§ The data:
▼

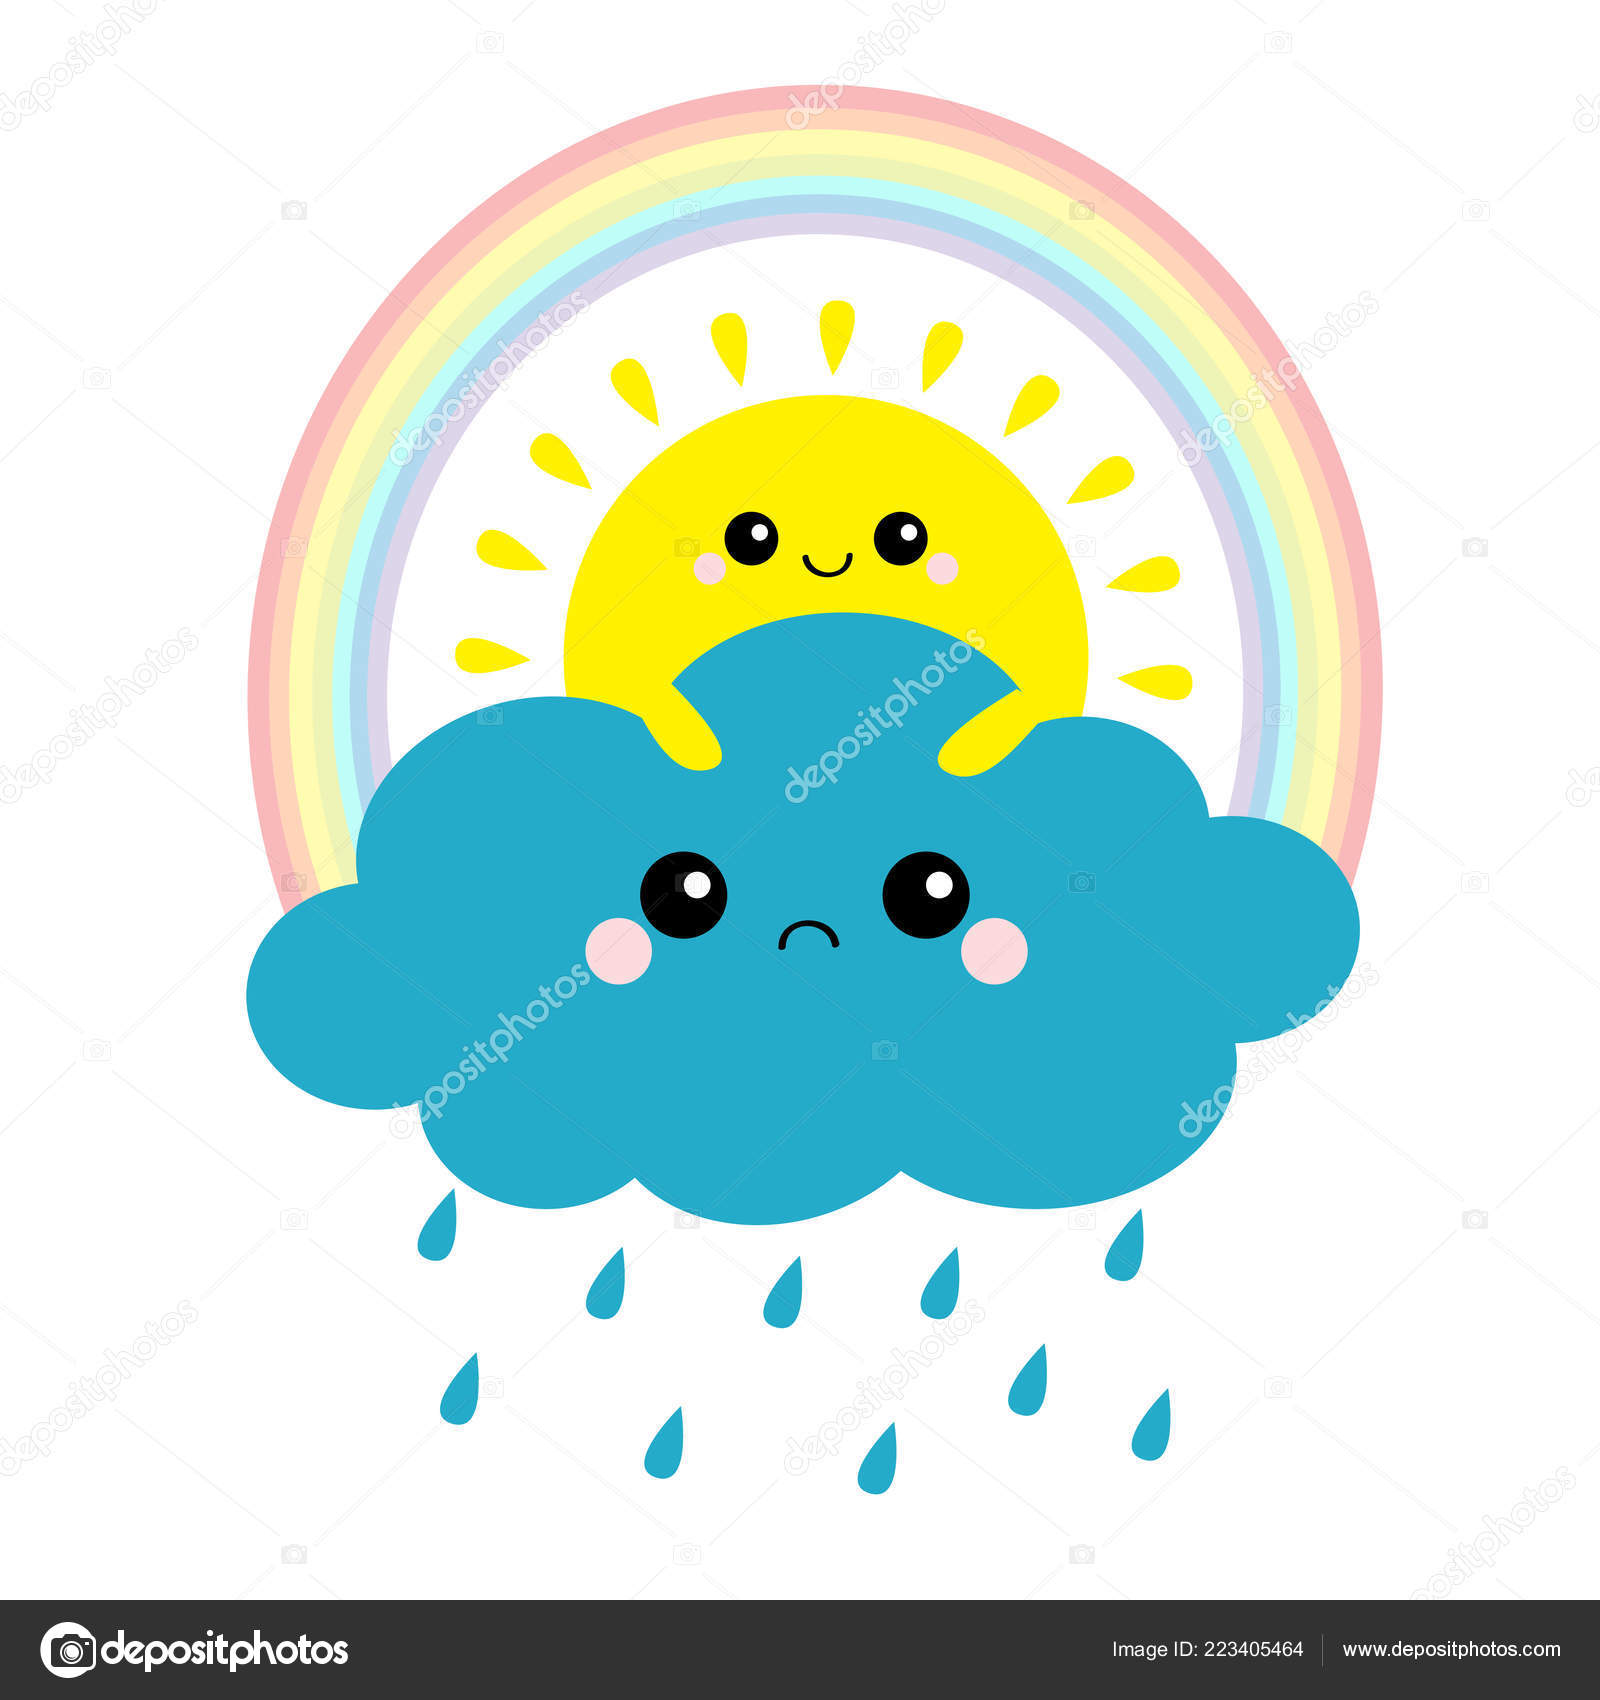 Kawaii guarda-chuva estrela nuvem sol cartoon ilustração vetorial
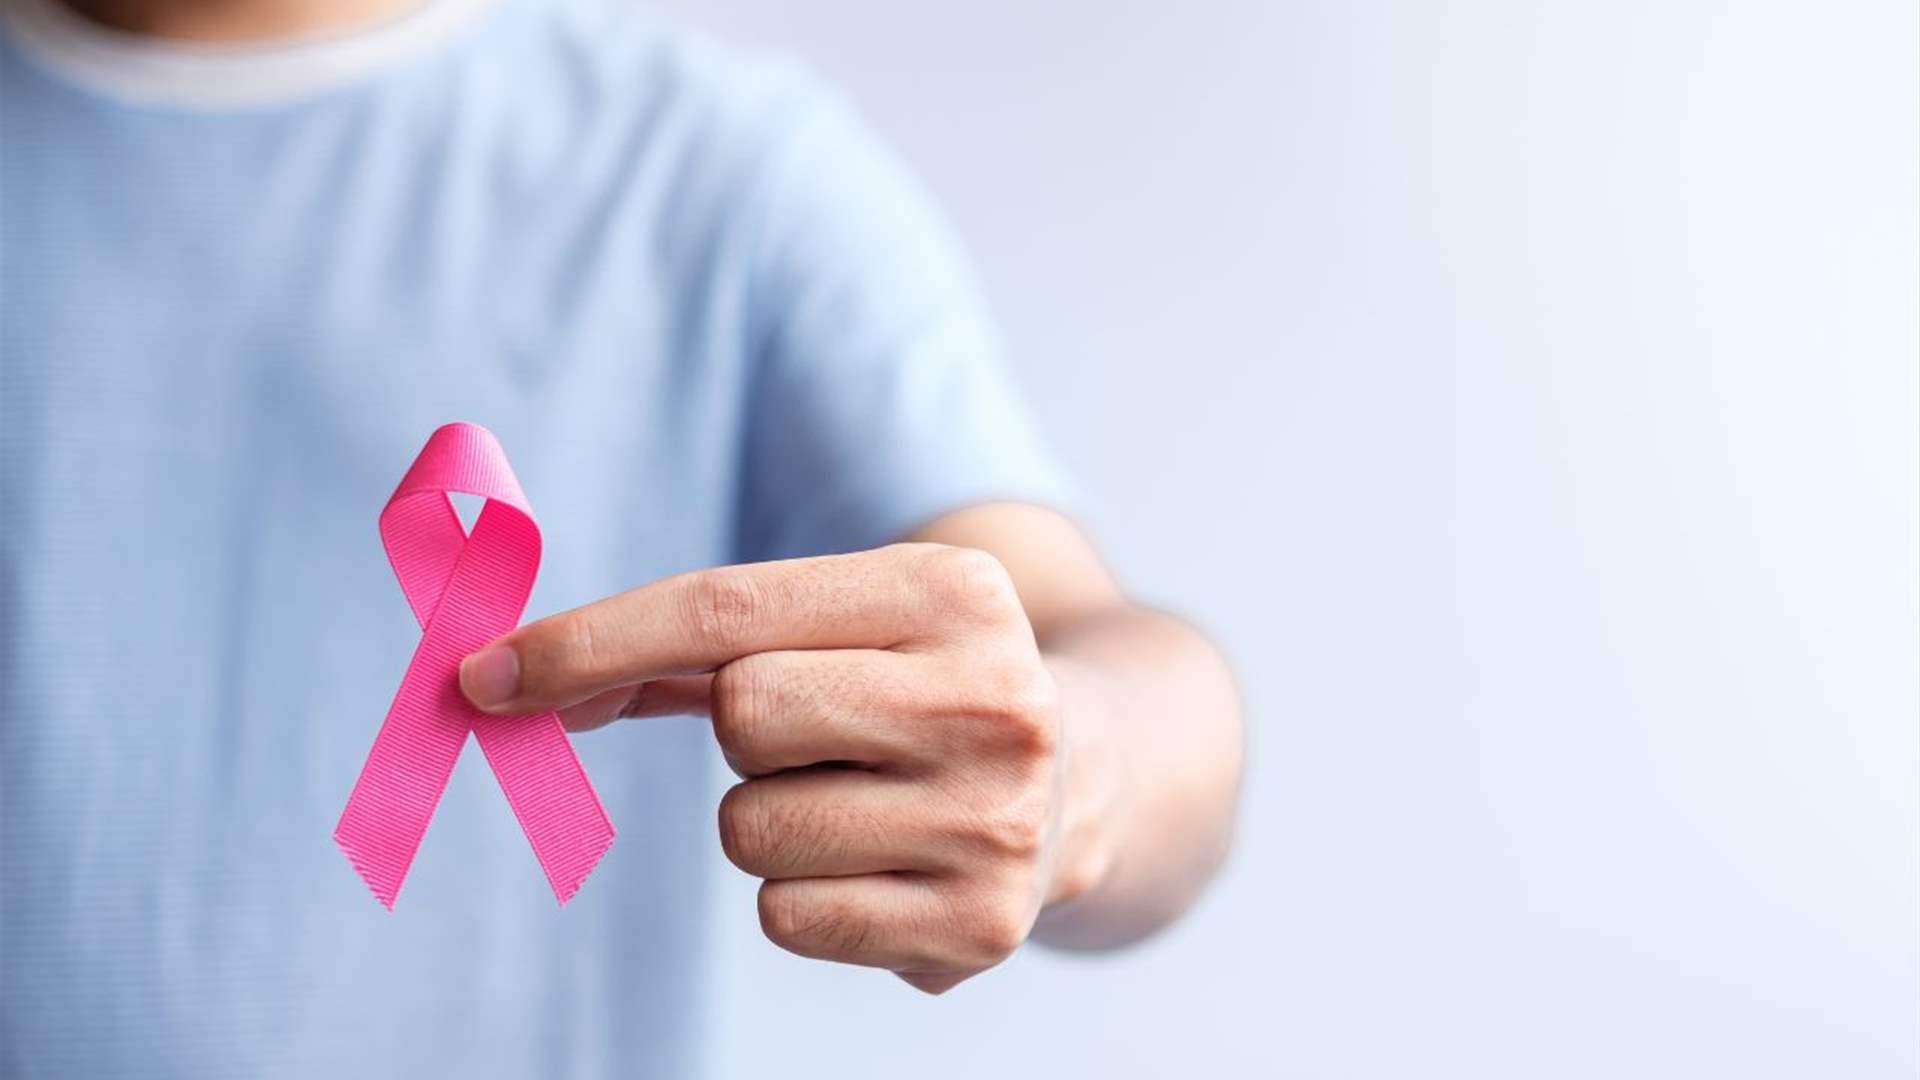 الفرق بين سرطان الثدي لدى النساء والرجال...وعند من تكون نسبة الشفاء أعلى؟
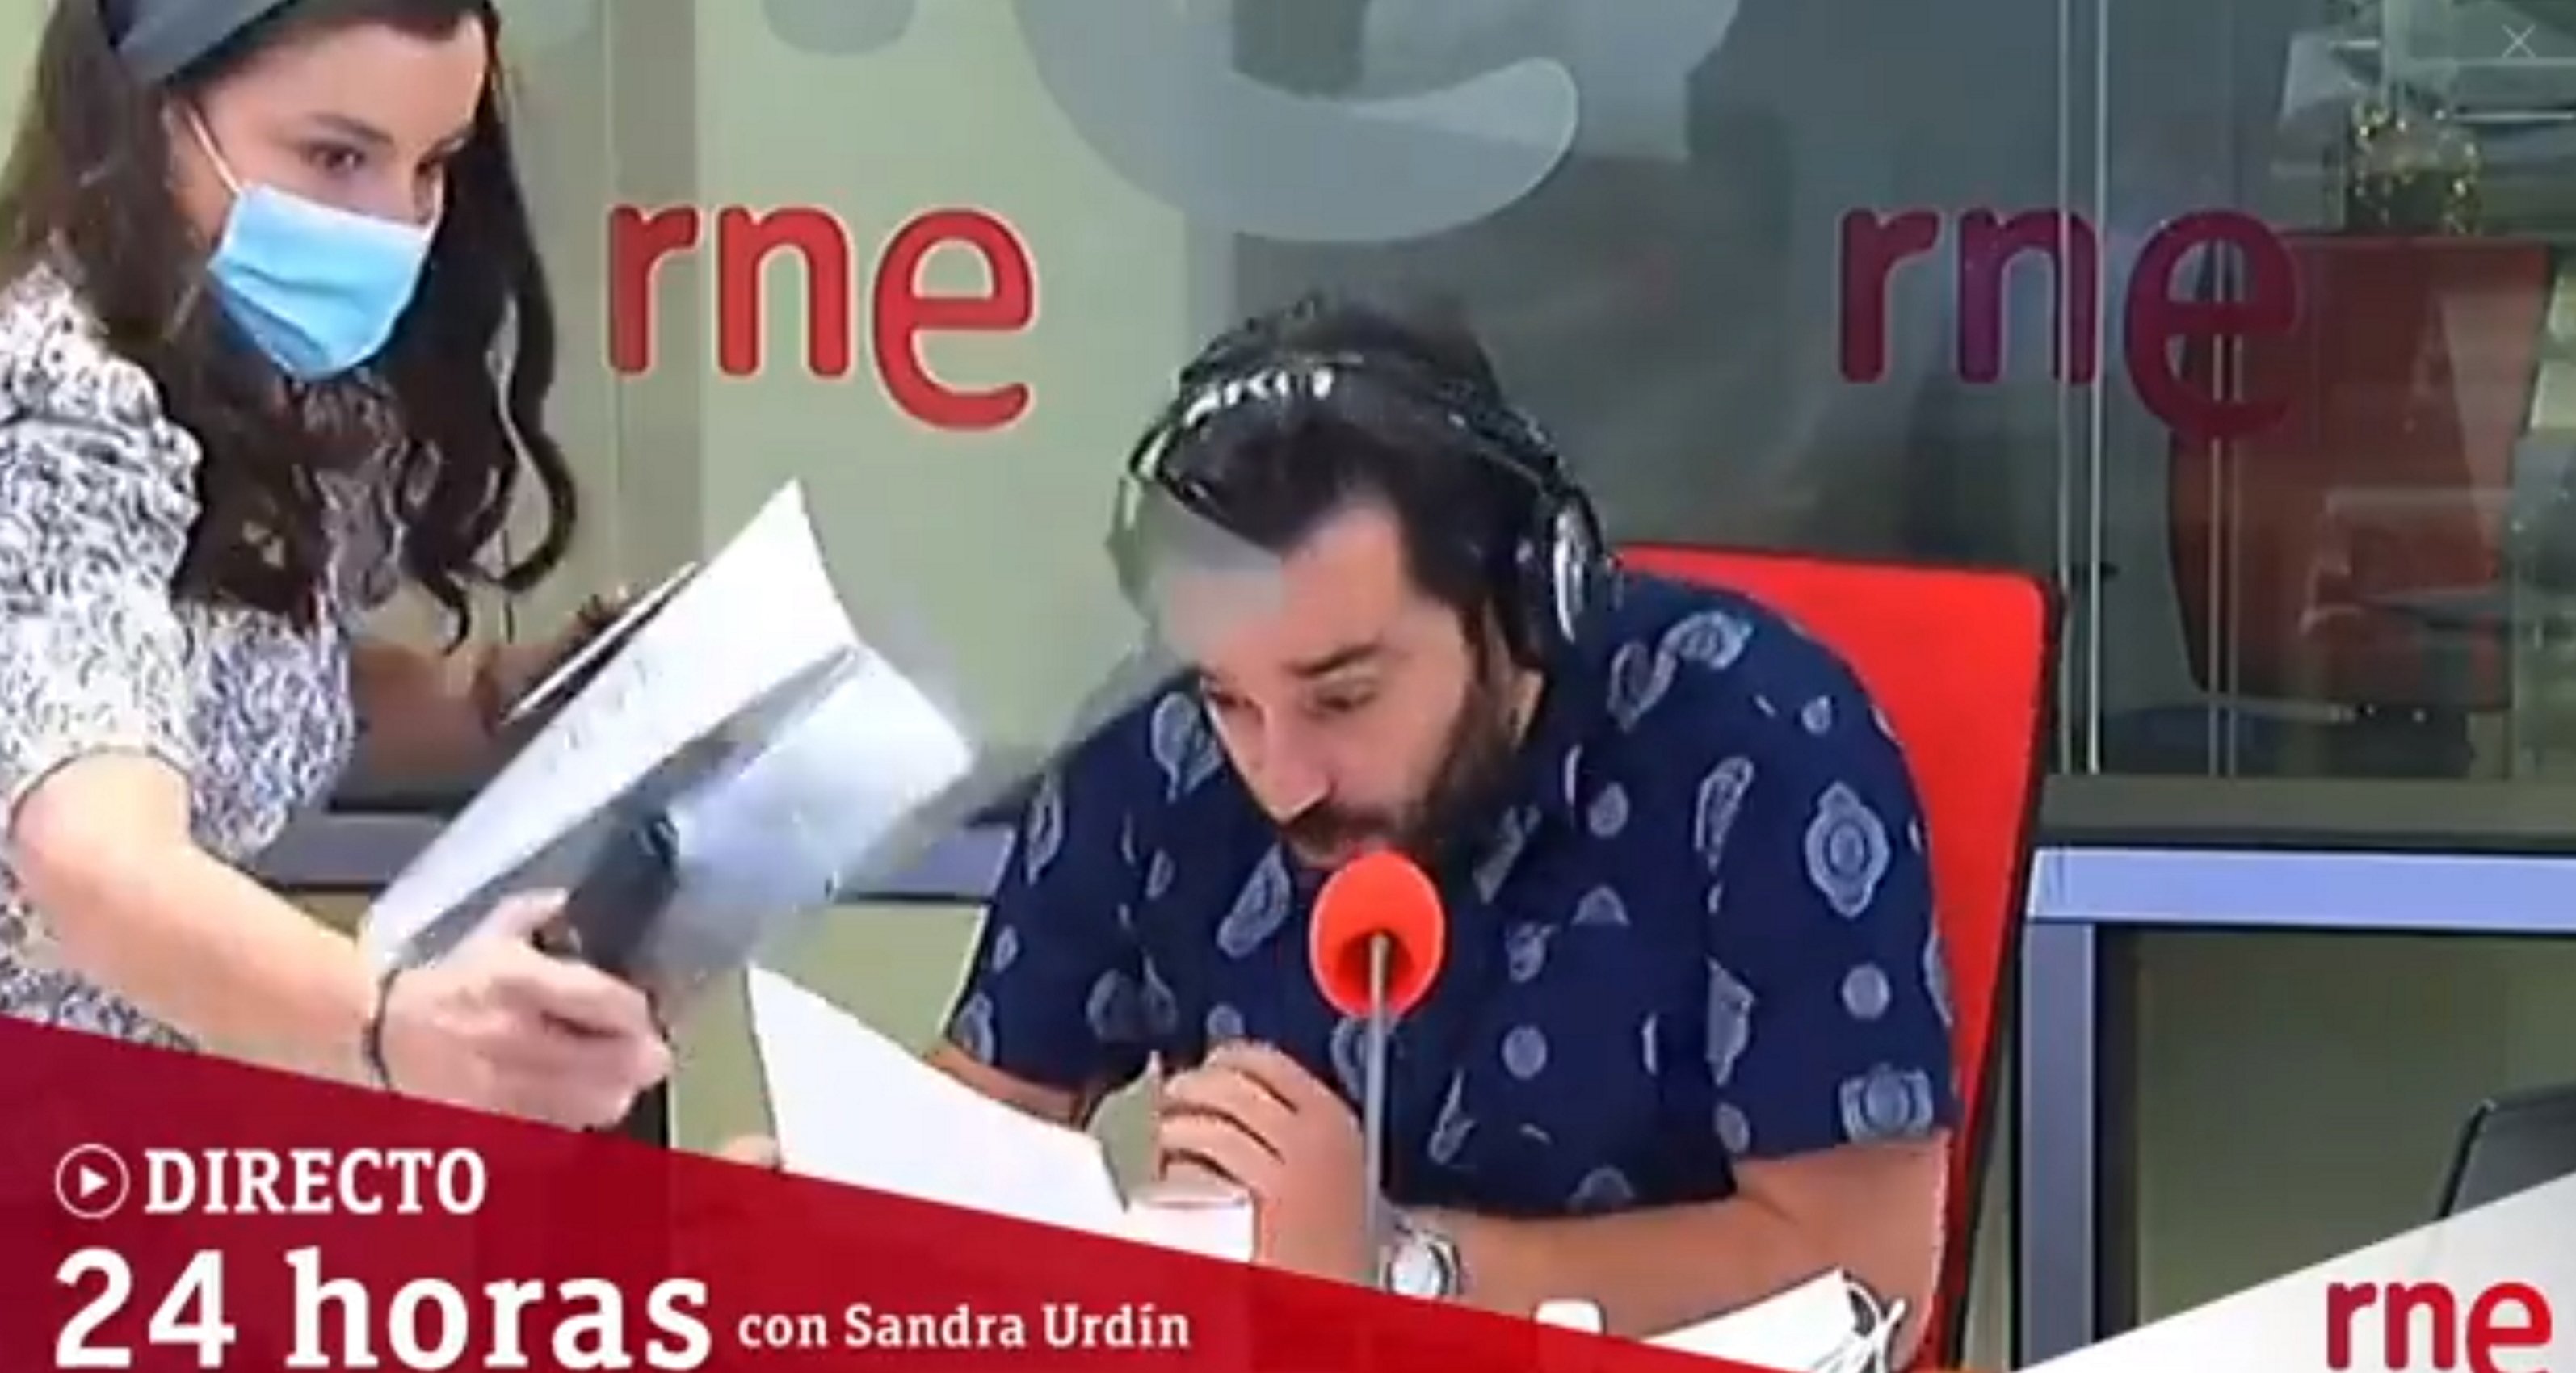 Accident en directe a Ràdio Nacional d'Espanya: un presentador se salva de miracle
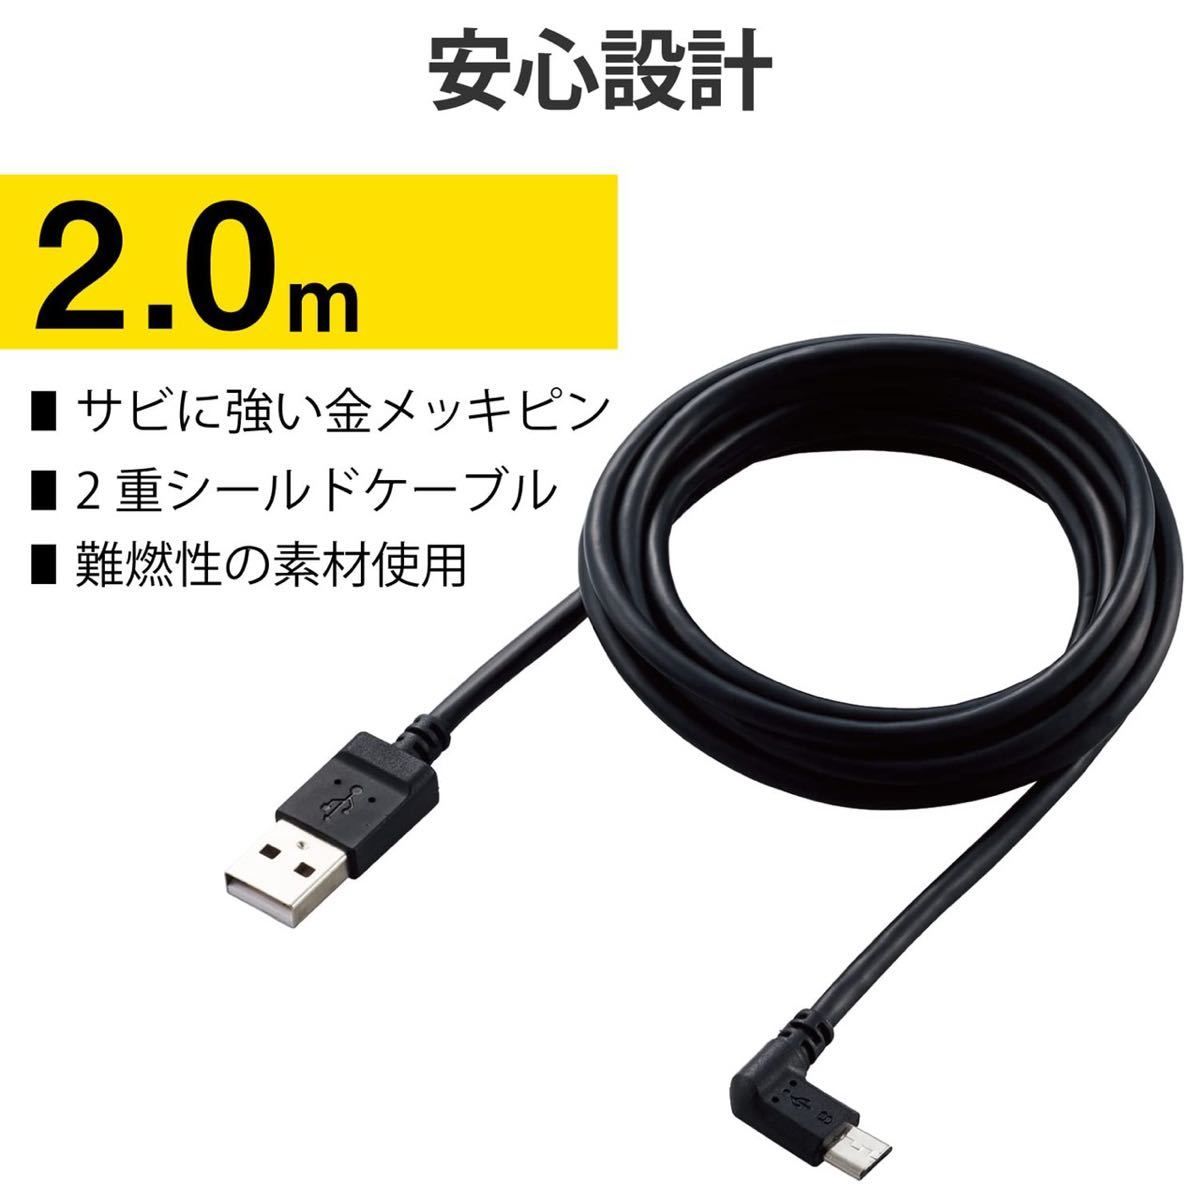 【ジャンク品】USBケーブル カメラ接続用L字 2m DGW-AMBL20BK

▲

§ Task details:
Copy the whole of the material above exactly, but not its images.

§ Answer box:
 Kawaii guarda-chuva estrela nuvem sol cartoon ilustração vetorial
 الفرق بين سرطان الثدي لدى النساء والرجال...وعند من تكون نسبة الشفاء أعلى؟
 Accident en directe a Ràdio Nacional d'Espanya: un presentador se salva de miracle
 【ジャンク品】USBケーブル カメラ接続用L字 2m DGW-AMBL20BK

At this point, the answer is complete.